In the last decade, considerable development and enhancement seen in information and communication technologies (ICT) had a great affect on all business areas. ICT has become the core of many major applications such as e-business, Supply Chain Management (SCM), Knowledge Management (KM), and Customer Relationship Management (CRM); thus ICT has become one of the major investments and the price of entry for manufacturing and service companies to the competitive electronic global market. ICT empowered the organizations with capabilities to better understand and control their marketing information, and shift towards customer-centric business models (Roberts, 2000).

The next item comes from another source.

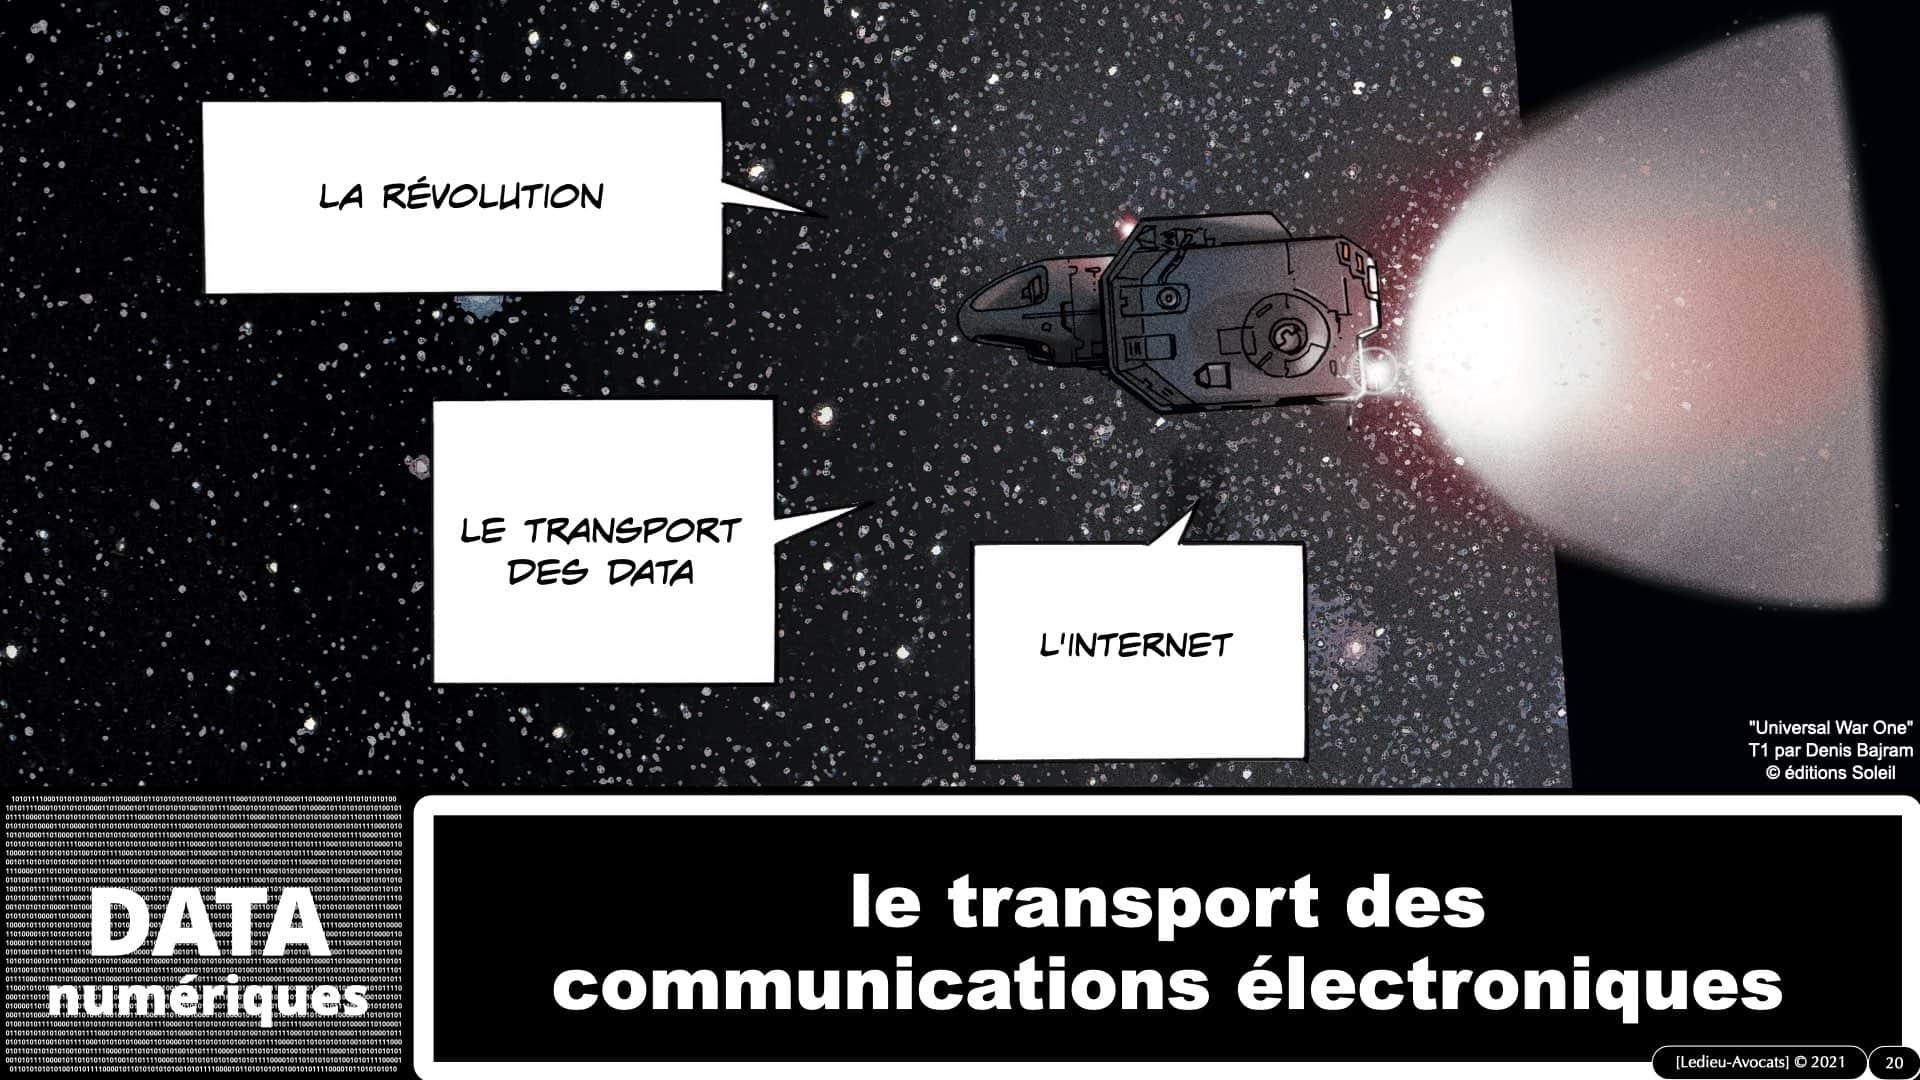 330 CYBER ATTAQUE © Ledieu-Avocats 09-03-2021.020

Further, CRM emerged in the ICT era as a set of strategies that generate a 360 degree view on customers across all functional areas. It is aiming to provide customers with a maximum level of services and to generate long-term one-to-one relationship with the customers (Seeman & O'Hara, 2006). CRM has its roots in Sale Force Automation (SFA) tools that focus more on selling, rather than on administrative activities, by automating routine activities like tracking customer contact information, and sales forecasting. In addition, it has roots in relationship marketing, which concentrates on attracting and improving customer relationships for the purpose of developing long-term profitability. It does so by moving towards customer retention, by managing customer relationships rather than transaction-based marketing aiming to gain new customers. Hence, CRM is a sophisticated application that provides comprehensive knowledge about customers by mining customer data to predict their behavior, hidden trends, and buying patterns (Chen & Popovich, 2003; Light, 2003). Despite the humble start of CRM, the last decade witnessed a massive growth of CRM systems in many business industries, thus the emergence of ICT has positively affected the CRM by introducing a new era of IT based CRM models. In summary, with the help of data from existing PSCs in Jordan, this paper will demonstrate the effect of ICT on CRM performance; it is one of the first studies about the effect of CRM and ICT in this sector.

Literature Review

CRM research can be classified into many areas which address it in terms of concept, framework, software, applications, strategies, technologies, and performance. However, minimal research on CRM and ICT has derived the need to discuss the relationship between ICT and CRM performance and the effect of CRM factors, such as, market orientation, IT investments, and mass customization, benefiting from ICT on CRM performance.

CRM Background

CRM can be viewed as a set of comprehensive strategic, process-oriented, cross-functional, value-creating for buyer and seller, and a means of creating superior organizational performance, and superior value for customers (Lambert, 2010). These comprehensive sets of strategies for attaining and maintaining knowledge about customers, and partnering with customers involves the integration of marketing, sales, customer service, and supply chain functions of the organization to achieve greater performance in creating and delivering customer value (Ngai, 2005). Moreover, from an Information Technology (IT) perspective, CRM is considered as an enterprise wide communication and integration of various technologies such as: data warehousing, web site, intranet and extranet, mobile application system, marketing, accounting, and sales (Bose, 2002), Moreover, CRM can be defined as a set of activities that utilize technology to gather, analyze, and distribute data about existing and future customers. This will enable one to generate better understanding of customers and thus create longer relationships with them. Peppard argued that the enhancement of CRM strength and capabilities relies on Information and Communication Technologies (ICT), by benefiting from massive computing power, enormous database and storage facilities, and communication technologies, via networking on the internet (2000). Thus, ICT can be considered a major factor in the success of CRM, and it plays a key role in achieving a better CRM experience.